The MTJ switching time variation is mainly generated from the following two torque terms: the Langevin random field and the spin torque, as suggested by Eq. (4.3). In specific, the randomness sources of the Langevin random field are the variations of MTJ surface area and the thickness of free layer while the spin torque is generated by the driving current, which is affected by process variations of both NMOS transistor and MTJ device [33].



Figure 2.2: Framework of the NVSim-VX<sup>s</sup>.



Figure 2.3: Detailed flow for circuit-level and cell-level simulations in NVSim-VX<sup>s</sup>.

Note that the above two terms are also significantly affected by the fluctuation of operating temperature. To minimize the costly hybrid CMOS-Magnetic simulations required to capture all the parametric variabilities, our temperature-aware statistical STT-RAM switching time model is derived and simplified from extensive LLG model-based Monte-Carlo simulations, which cover 2 MTJ resistance switching directions, 5 technology nodes, 7 different transistor widths, and 16 different temperature points, as illustrated in Fig. 2.3. In the first step, sensitivity analysis is conducted at different temperatures to characterize the driving current distributions [27]. Variations of the transistor channel length, the transistor width, and the MTJ resistance are also taken into considerations. Simultaneously considering all variability parameters can reduce the computation complexity from  $O(N^k)$  to O(N), where K is the number of variability parameters and N is the number of samples for each parameter. In the second step, we integrate both driving current distributions and the Langevin random field into LLG equation under different temperatures to obtain the temperature-aware switching time distributions. Finally, a fast and compact timing model that directly links the switching time variation (i.e., mean and standard deviation) to temperature and driving current can be achieved. Based on the device parameters and simulation setup summarized in TABLE 4.1.



Figure 2.4: Simulated switching time distribution v.s. Log-normal distribution (45nm technology node, 90nm transistor width, 4 different temperatures): a) 300K b) 325K c) 350K d) 375K.

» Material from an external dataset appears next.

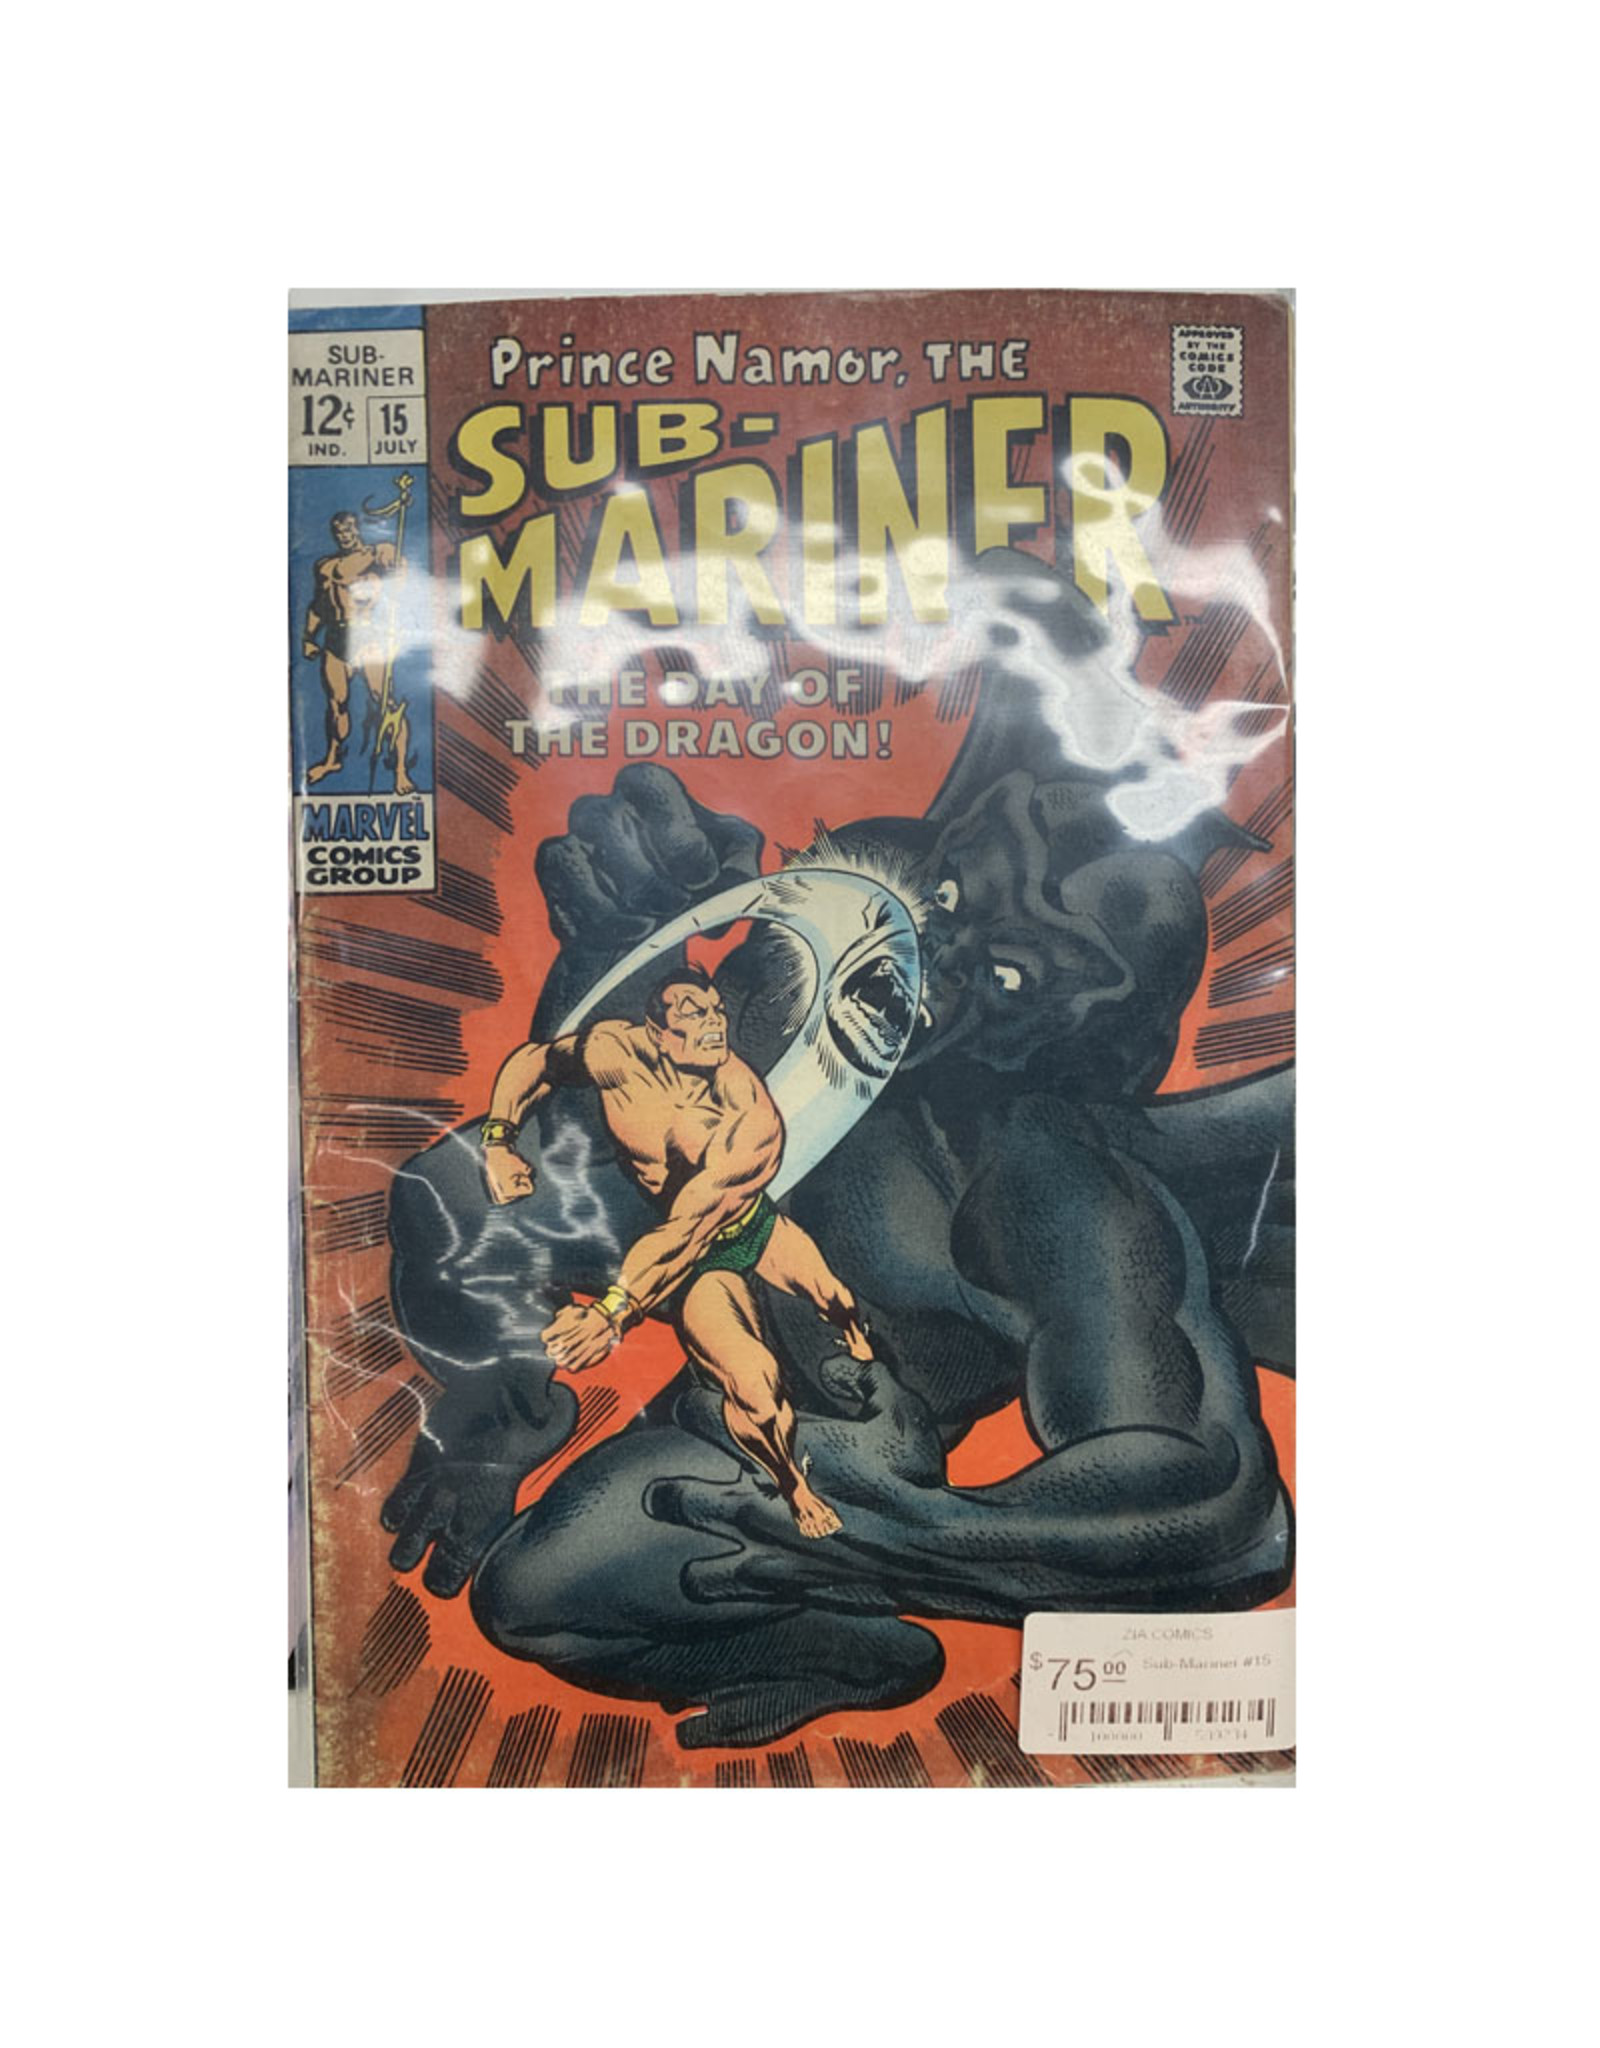 Marvel Comics Sub-Mariner #15

We performed Monte-Carlo simulations to obtain switching time distributions of '0'  $\rightarrow$  '1' switching at 4 different temperatures for an STT-RAM cell with a w = 2L NMOS transistor width at technology node L = 45nm, as depicted in Fig. 2.4. All the simulated switching time results are in excellent agreement with the Log-normal distributions at the concerned temperatures. As the temperature increases from 300K to 375K, the distribution of the MTJ switching time becomes broader, indicating the increased impact of temperature on MTJ switching and hence the STT-RAM cell write reliability. As we shall show next, the corresponding mean ( $\mu$ ) and standard deviation ( $\sigma$ ) of the Log-normal MTJ switching time distribution can be directly linked with the driving current and temperature using our model. Our further investigation suggests a linear approximation of the relationship between the  $\mu/\sigma$  and temperature. This linear approximation of the temperature dependency of  $\mu$  and  $\sigma$  of the MTJ switching time can be expressed by:

$$\sigma(w) = m_{\sigma}(w) * T_n + \sigma_0(w),$$
  

$$\mu(w) = m_{\mu}(w) * T_n + \mu_0(w).$$
(2.2)



Figure 2.5: The standard deviation of switching time distributions for 7 transistor widths at 45nm technology node.

Here  $m_{\sigma}(w)$  and  $m_{\mu}(w)$  are the coefficient representing the temperature dependency of  $\mu$  and  $\sigma$  at transistor width w.  $T_n$  is the normalized temperature.  $\sigma_0(w)$  and  $\mu_0(w)$  are the initial values of  $\sigma(w)$  and  $\mu(w)$ , respectively, at  $T_n = 0$ .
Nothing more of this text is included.